J’ai l’impression d’être sur un Lendemain de Veille Sidéral, un Hangover de Pirate. C’est intolérable.





Maintenant à Tsokha, je gobe deux ibuprofènes, et tout rentre dans l’ordre.

Je suis heureux.

Vraiment.

Je suis toujours en vie.





21 mars:

3H00AM.

J’ouvre les yeux et je me rends en silence aux bécosses à l’extérieur de notre cabane de bois. Mon estomac s’est réajusté. Retour à la normal. Soulagement.

Il fait froid dehors, et il y a une petite pluie fine qui tombe sur les tentes installées sur un plateau derrière notre abri. Une vache rôde dans la nuit. Elle broute autour des maisons en toile. Deding! Dedong! résonne la cloche dans son cou.

Le campement est en plein vert pâturage.



Toujours somnolent, je retourne à la cabane... dans ma chambre... à mon lit… au fond de mon sleeping bag.

Il me reste encore quelques heures à dormir.



Au loin, derrière les murs, j’entends les Deding! Dedong! que fait la vache.



Tout près de ma tête de lit, Kwiik! Kwiik! fait une souris. Je l’entends qui marche sur le rebord de la fenêtre. Elle n’est aucunement effrayée. Elle ne doit pas sentir notre odeur humaine. C’est bien normal, ça fait six jours qu’on ne s’est pas réellement lavé. Quelques semaines encore ici et on ressemblerait aux gipsies du Kashmir.



Je me réveille, pour de bon cette fois.

On retourne à Yoksum aujourd’hui. C’est un seize kilomètres de marche en forêt qui nous ramènera au point de départ.



Enfin, on retrouve l’auberge qui nous avait accueillis à notre arrivée à Yoksum.

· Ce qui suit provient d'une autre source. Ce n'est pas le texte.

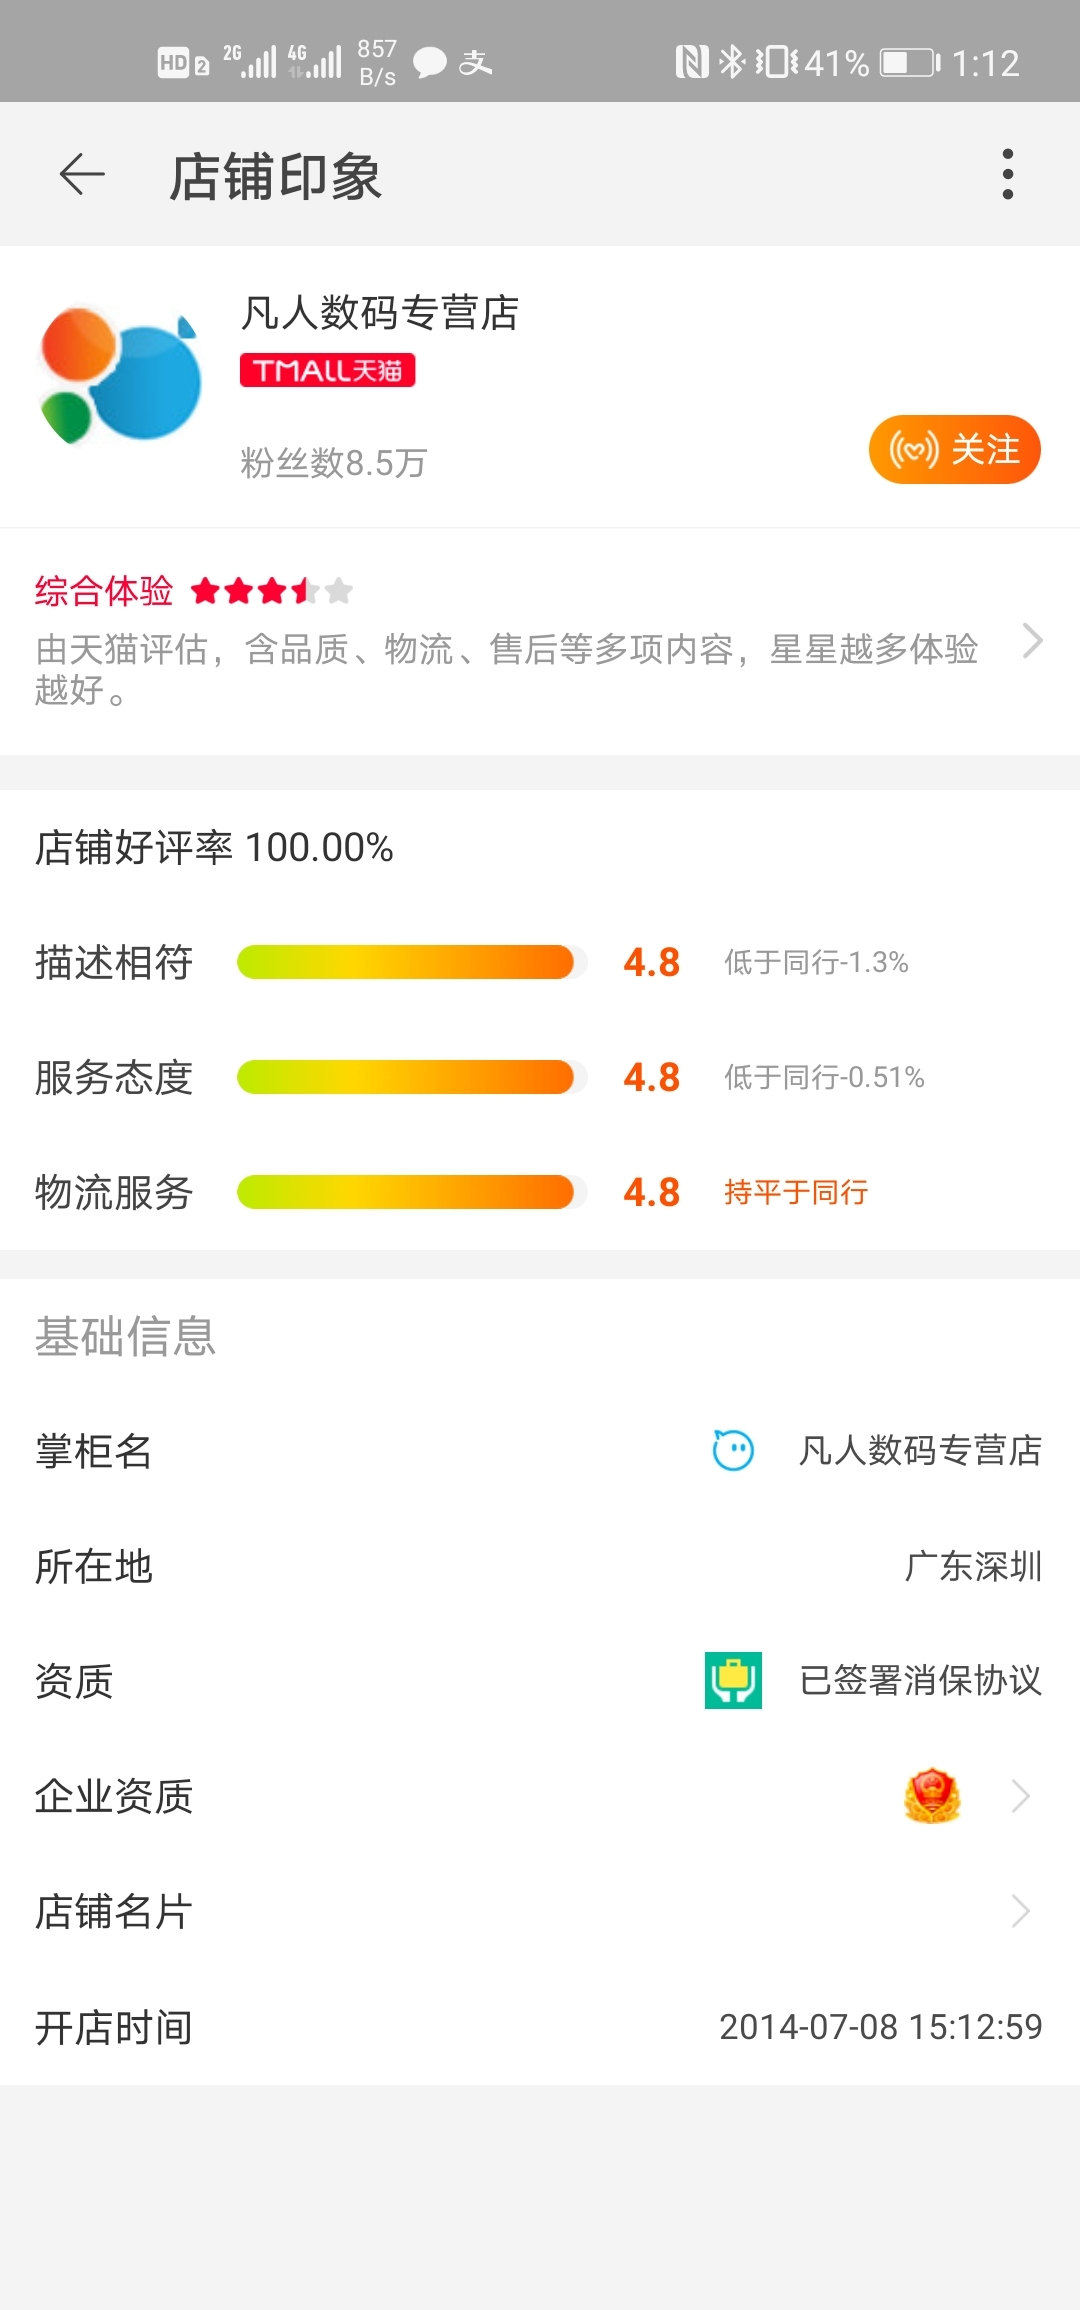 Screenshot_20200509_131255_com.taobao.taobao.jpg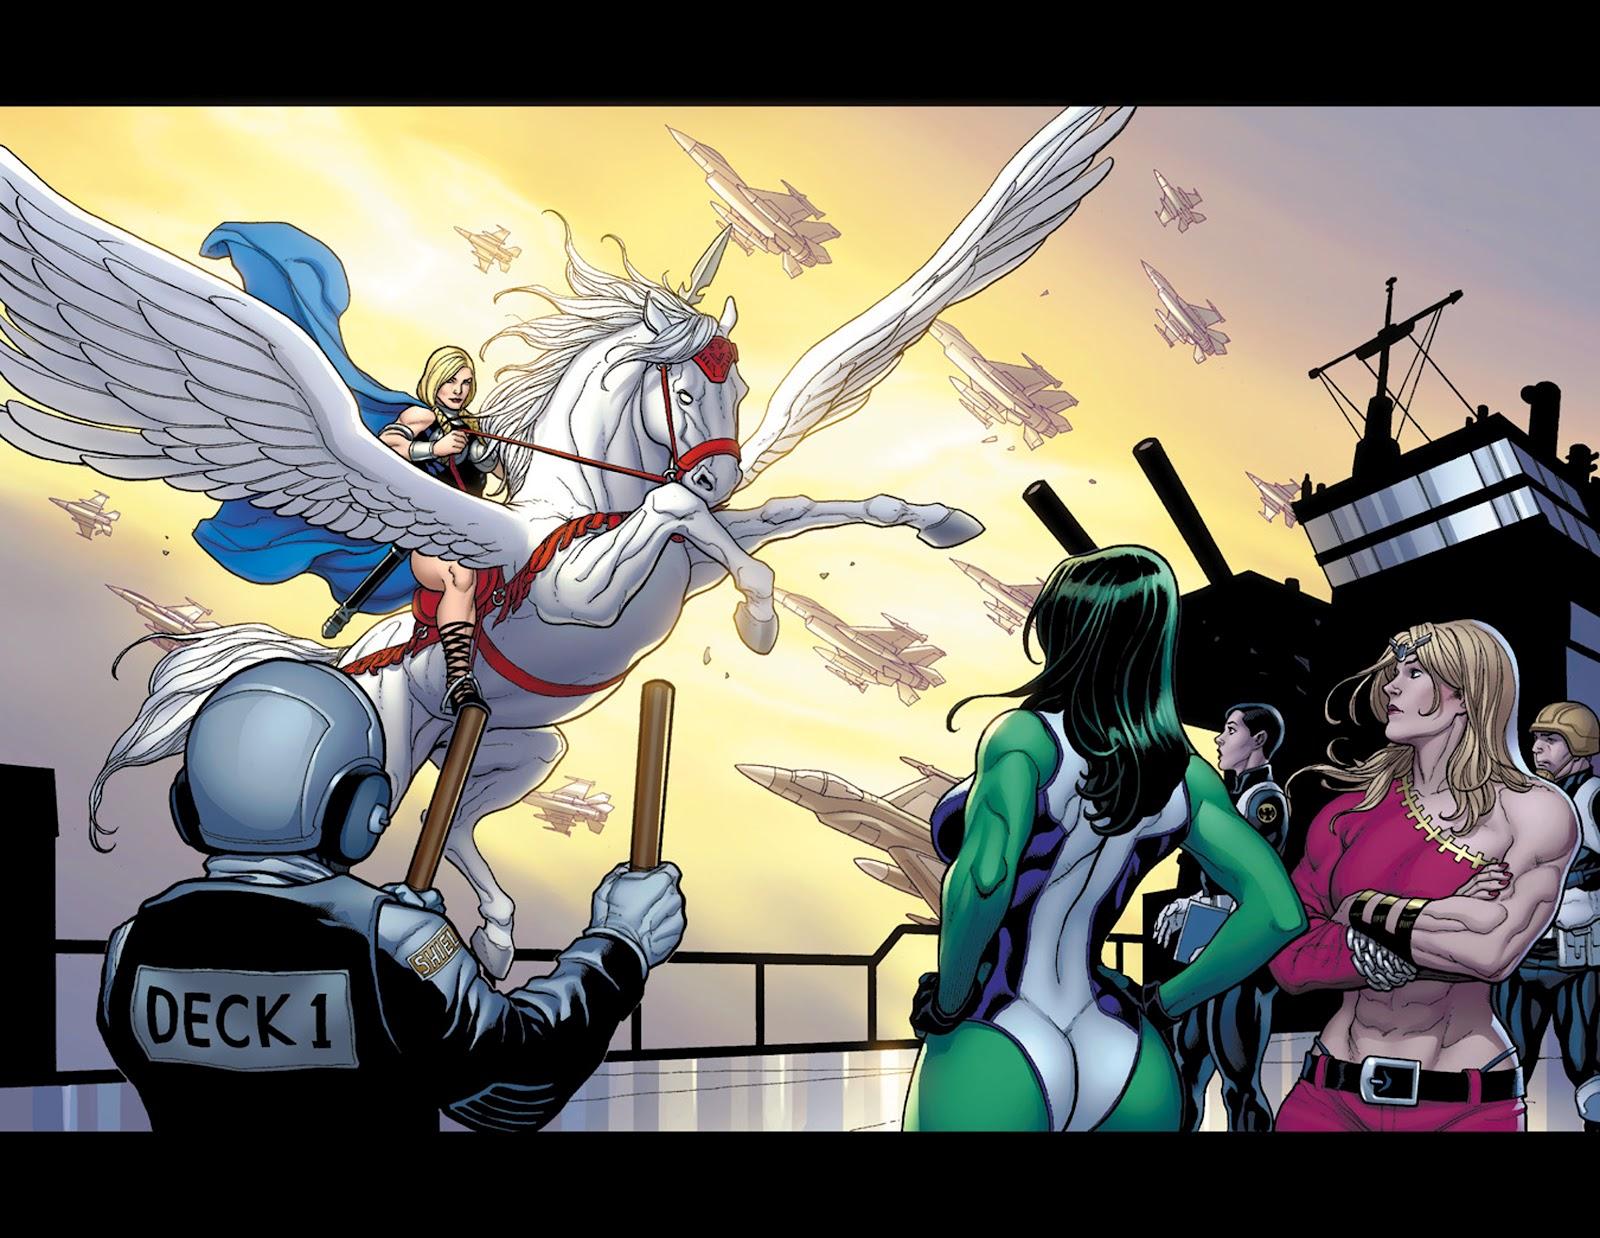 http://2.bp.blogspot.com/-bZCwzhsz0kI/T4vaQUg9FlI/AAAAAAAAE14/DxuH6DksGHU/s1600/Hulk3+frank+cho+she+hulk+big+fat+phat+ass+booty+butt+pegasus+marvel+comics+valkyrie+valkerie+shehulk+flying+horse+unicorn+female+superhero+sexy+wallpaper.jpg

Enfin aussi, j’ai le droit à une douche bouillante.

Enfin.

Fini de boire de la neige fondue.



Et merci encore Himalaya de m’avoir épargné.



22 mars:

Il est 6H30 Am alors qu’on prend place dans une jeep pour retourner à Gangtok.

Le véhicule est bien plein de passagers, et j’ai le ventre vide.

Je suis fatigué, mon linge est crotté et je suis vraiment mêlé.



On arrive à destination, et sans plus attendre, on se rend à notre hôtel pour s’écraser dans l’humidité de nos couvertures.

Enfin, je vais pouvoir manger de la viande ce soir. Ça fait une semaine que je trouve mes protéines que dans les foutus œufs, pauvre carnivore que je suis.

Je comprends maintenant pourquoi la grippe aviaire était une réelle tragédie en Orient. Non mais, on mange ici l’équivalent d’un œuf à chaque repas!



23 mars :

J’ouvre la lumière de la salle de toilette et je me vois dans le miroir.

Mon visage est comme une tomate sorti de l’eau bouillante: ma peau décolle. Ça, c’est encore la faute à l’altitude.

J’espère juste que ce n’est pas une mutation permanente dû au trop fort rayonnement du soleil himalayen.



J’espère aussi que je n’aurai pas d’écailles qui apparaîtront sous ma peau faciale comme dans la série « V »… bon, j’imagine que ça, je vais le constater au rasage.



Aujourd’hui est une journée relax à arpenter la rue principale de Gangtok. Je crois qu’on l’a bien mérité celle-là.



Il y aura beaucoup de route à faire demain.

Ouaip, car demain, ce sera au tour du Népal de nous recevoir.